**Aim of the exercise:**
When the line with "Editor de vídeo" turns up below, begin repeating exactly, and carry on through the line with "Ištrūkusi iš Mariupolio: daug"; no pictures go into the copy.

**Task material:**
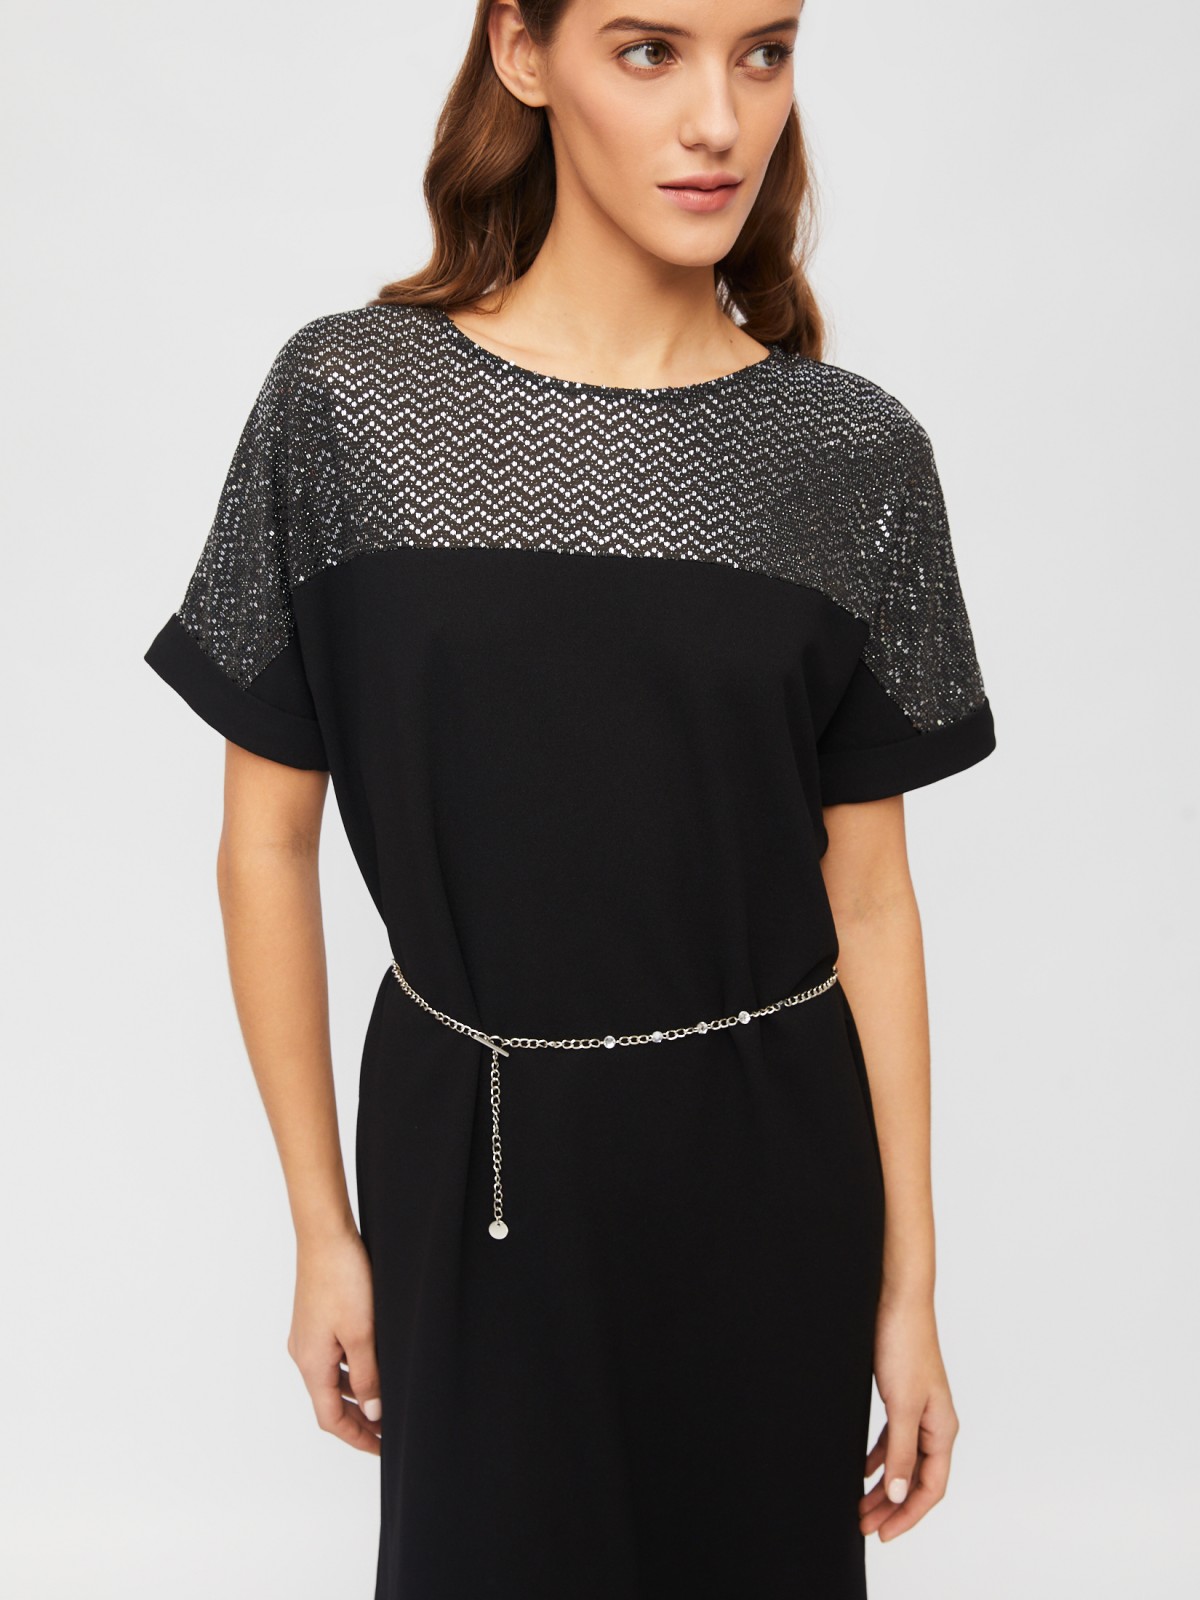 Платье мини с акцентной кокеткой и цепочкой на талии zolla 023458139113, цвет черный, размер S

...

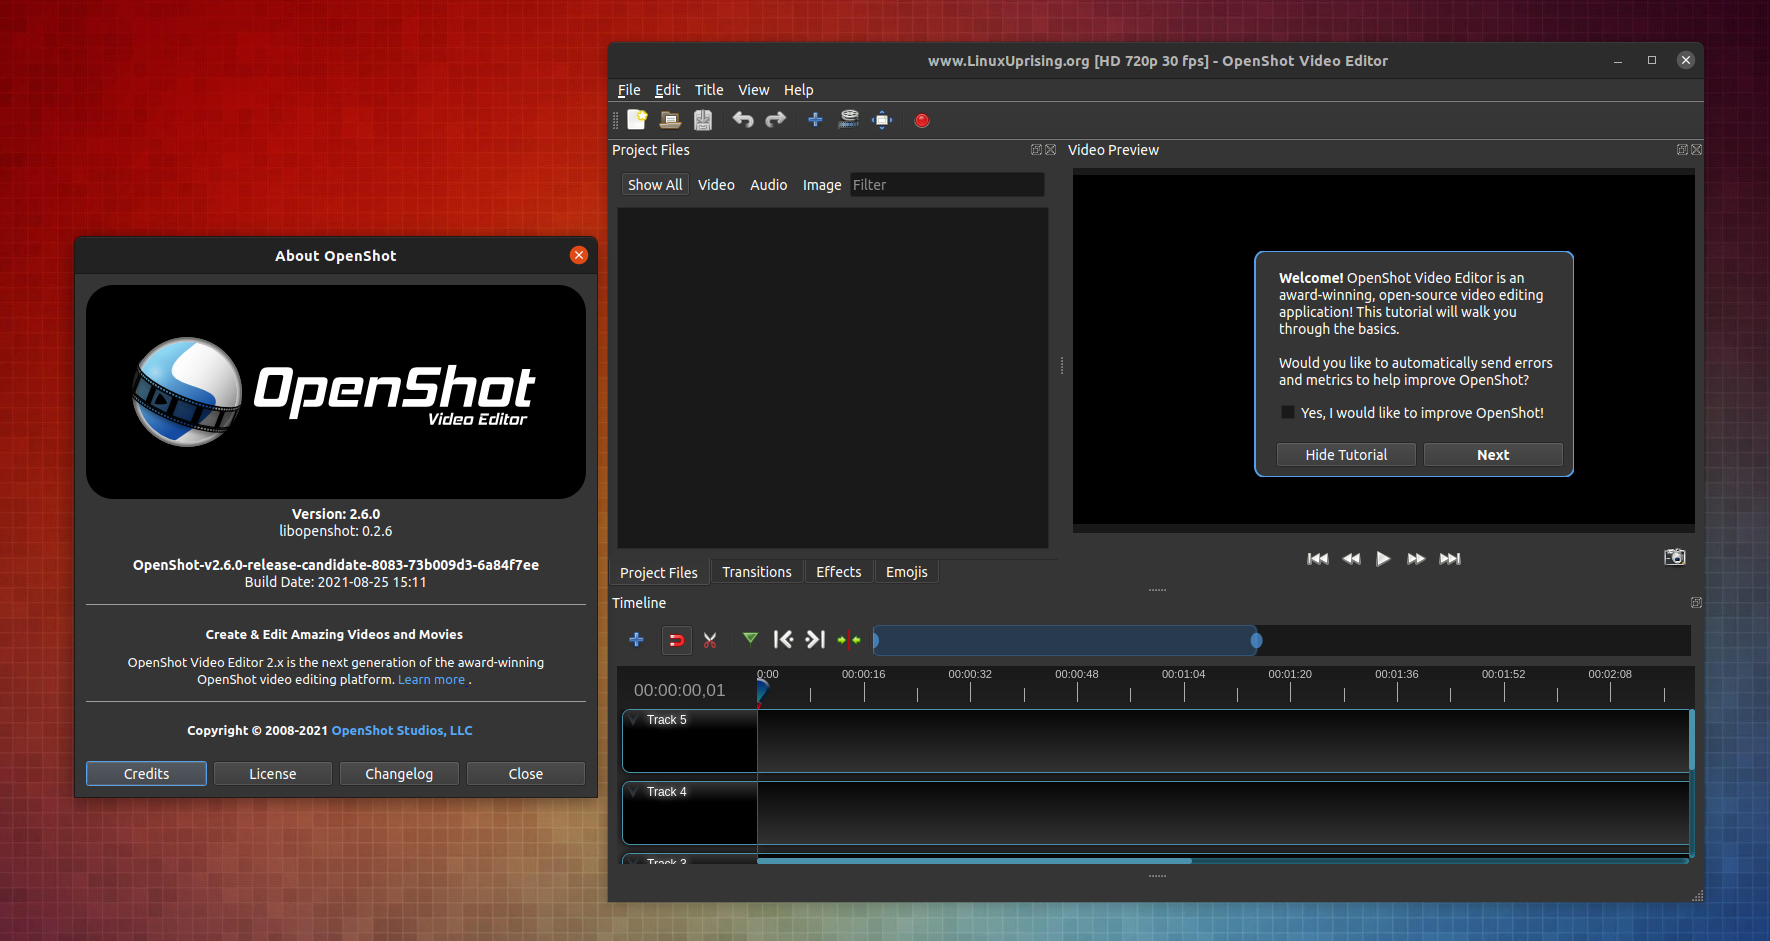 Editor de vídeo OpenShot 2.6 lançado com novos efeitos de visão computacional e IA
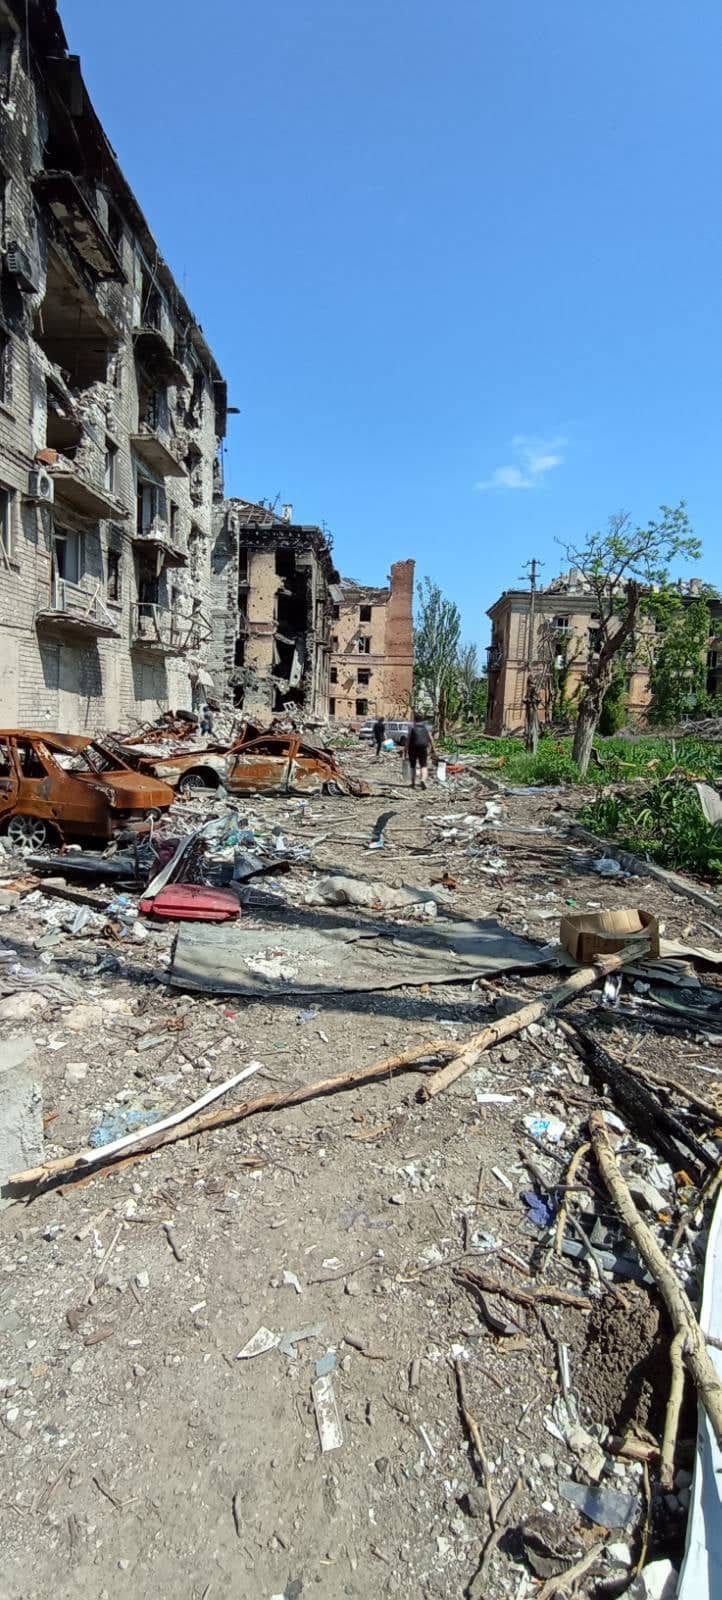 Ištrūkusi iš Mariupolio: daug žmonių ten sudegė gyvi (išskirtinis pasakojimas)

**Written solution:**
 Editor de vídeo OpenShot 2.6 lançado com novos efeitos de visão computacional e IA
 Ištrūkusi iš Mariupolio: daug žmonių ten sudegė gyvi (išskirtinis pasakojimas)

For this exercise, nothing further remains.